The two remaining opposition parties united on a single candidate.
They were also well-organized at a grass roots level. They knew the AKP has stuffed the ballot box in the past. They at poll watchers at each polling station
President Erdogan is a vindictive, sore loser. More than that, he cannot personally afford to have the two largest cities fall into opposition hands. Ekrem Imamoglu pledged an audit of Istanbul’s budget. Any decent audit should uncover a trail of corruption. President Erdogan is corrupt. We know that from a 2014 leaked tape with him and his son.
The police officers that exposed the corruption were sentenced to life imprisonment.
We also know that corruption is a rag on a country’s rconomy.
Loss of Ankara and Istanbul will result in the loss of patronage in those cities. The combined municipal budget of the two cities is roughly $5.79 billion (U.S. dollars).
President Campaigned extensively for his party, making it a referendum on himself. The people rejected him – a blow to his ego.
The next step is a recount, and then a recount of the recount, and a recount of the recount of the recount, until it comes out the desired way. Minnesota did that in the 2008 Senate race, ultimately giving Al Franken a 312 vote victory.

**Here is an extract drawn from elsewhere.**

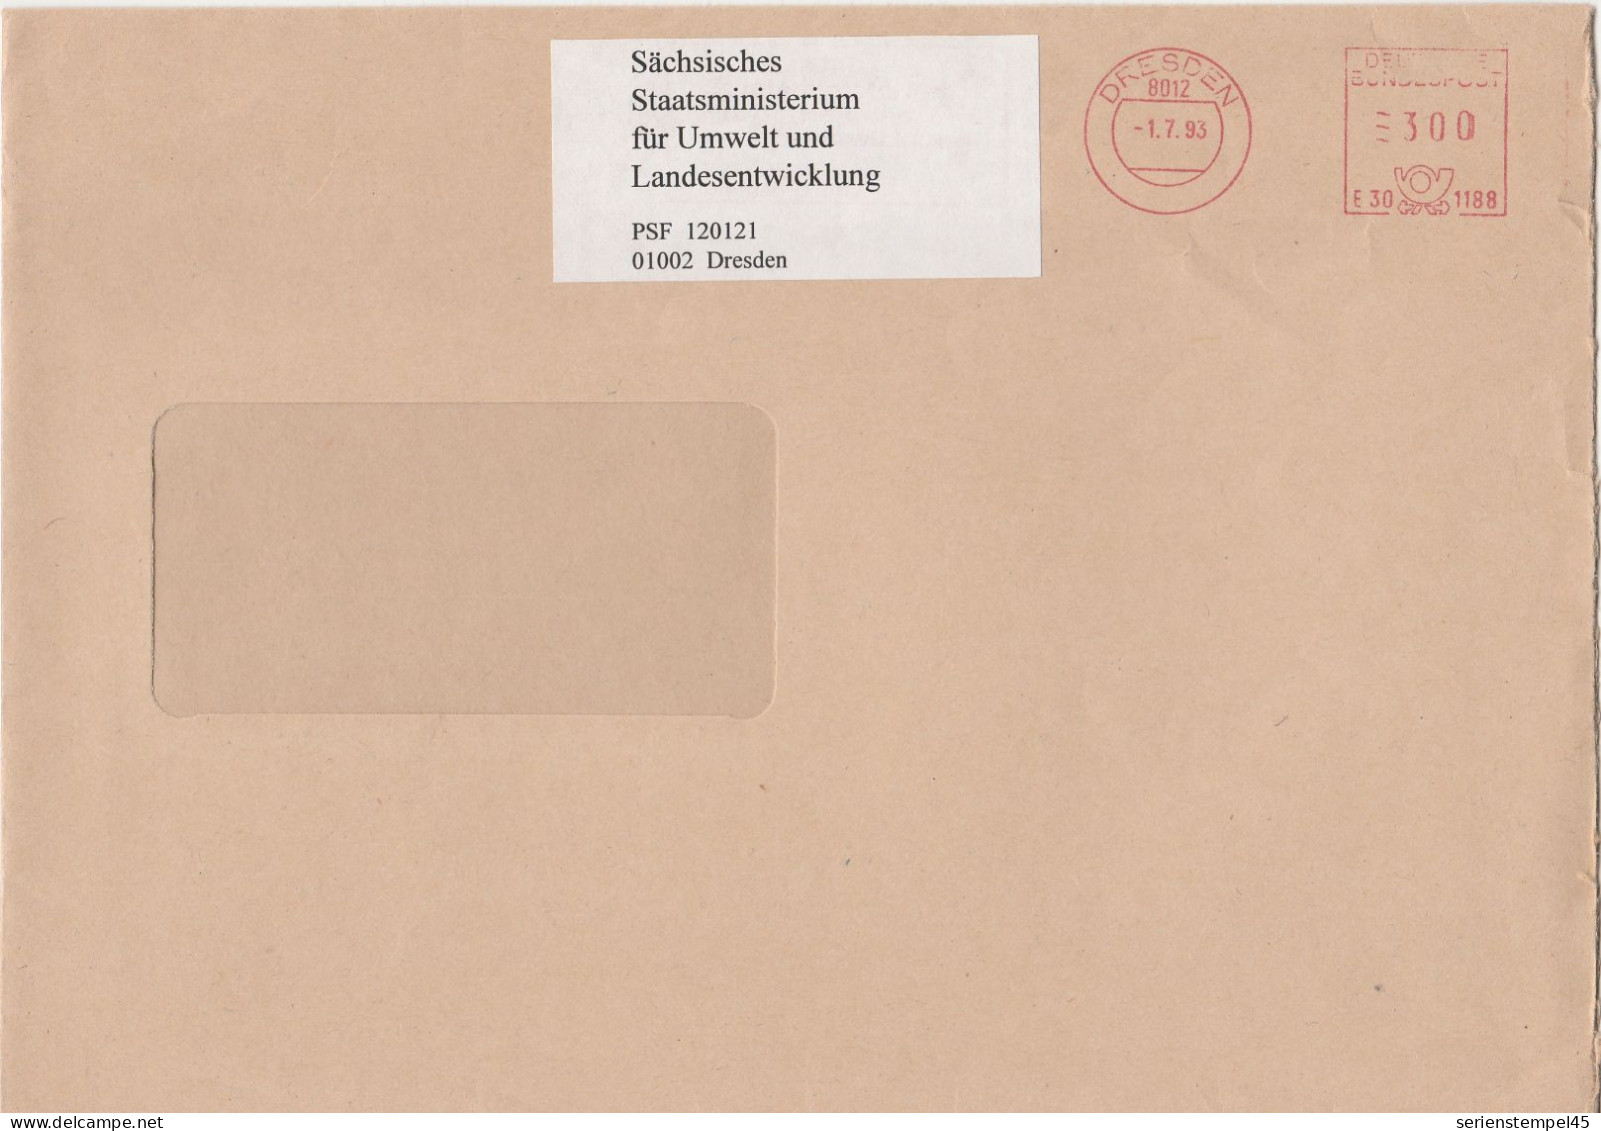 Deutsche Bundespost Brief Mit Freistempel VGO PLZ Oben Dresden 1993 Sächsisches Staatsministerium E30 1188 Mit Überklebe - Máquinas Franqueo (EMA)

Binali Yildirim of the AKP said there are 31,136 ballot boxes in Istanbul. All he needed was one additional vote from each ballot box.
Ekrem held onto a 18,742 vote lead after a recount in 17 of Istanbul’s 39 districts.
The AKP has now demanded the Istanbul votes be annulled. Hence they could start over.
The government party is also contesting 319,570 ballots in Ankara.
The AKP protests are ironic. It has a history of ballot stuffing. The 2017 election, which gave the President; i.e. Recep Erdogan, extraordinary powers, was accompanied by both ballot stuffing and ballot suppression with police actually watching voters casting their ballots with cautions against voting No. 960 ballot boxes contained only Yes votes. One estimate was that up to 2½ ballots may have been fraudulent.
The President barely won the election 51.4% -48.6%.
The 2018 election was characterized by widespread voting “irregularities” favoring the President.
President Erdogan said two days ago “Everything is still ongoing.”
President Erdogan ominously now said that now the elections process was over, it was time for the judicial process.
Remember, he purged the judiciary; it is now of his creation.
If the AKP cannot reverse the election results, watch the President do to the new city officials what he did to Kurdish cities: dissolve the government and imprison the leaders for treason.
His government seized over 100 Kurdish municipalities in 2014 and jailed 60 Kurdish mayors in 2016.
President Recep Tayyip Erdogan cannot afford to lose Ankara and especially Istanbul.